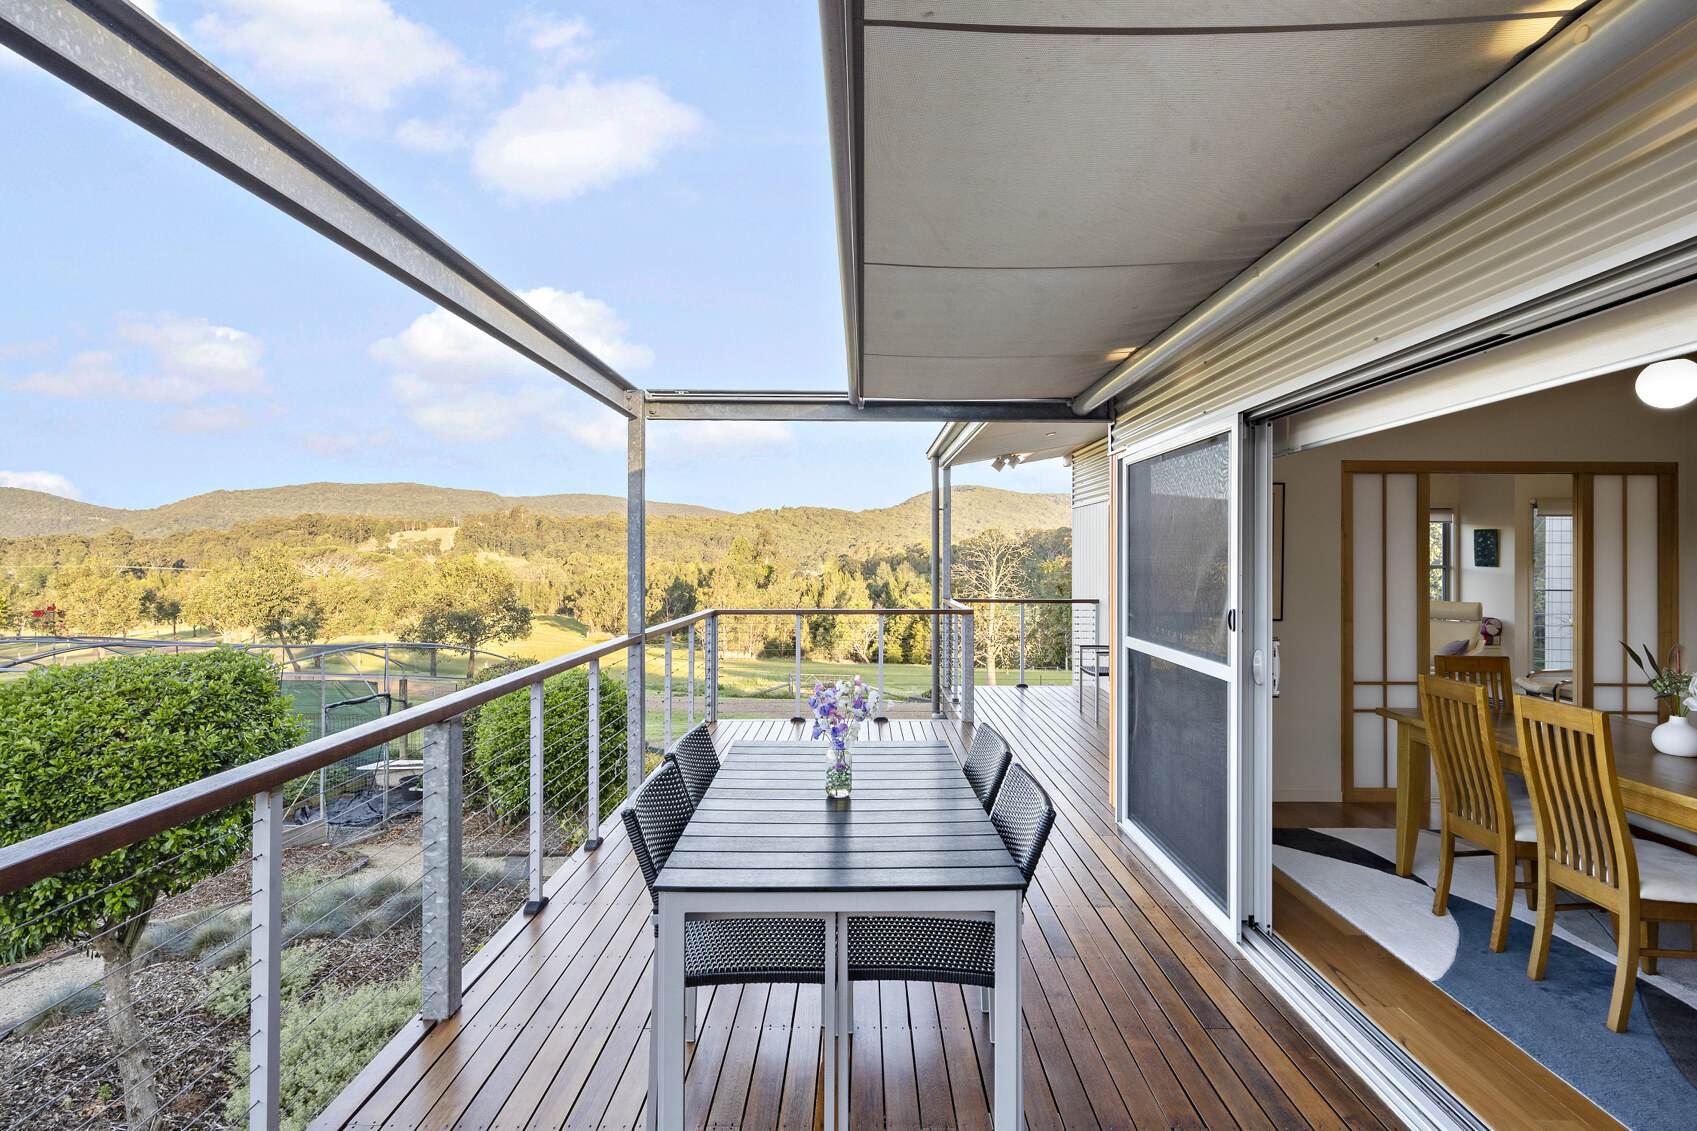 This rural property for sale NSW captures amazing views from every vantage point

━━━━━━━━━━━━━━━━━━━━━━━━━━━━━━

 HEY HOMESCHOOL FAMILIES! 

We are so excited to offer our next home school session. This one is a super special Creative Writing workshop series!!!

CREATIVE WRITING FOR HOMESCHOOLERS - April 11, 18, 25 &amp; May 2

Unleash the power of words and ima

━━━━━━━━━━━━━━━━━━━━━━━━━━━━━━

(Problem details) Above are the records; copy exactly the lines from the line with "CREATIVE WRITING FOR" through the line with "Unleash the power of words and ima", both included.

(Exercise output)
CREATIVE WRITING FOR HOMESCHOOLERS - April 11, 18, 25 &amp; May 2

Unleash the power of words and ima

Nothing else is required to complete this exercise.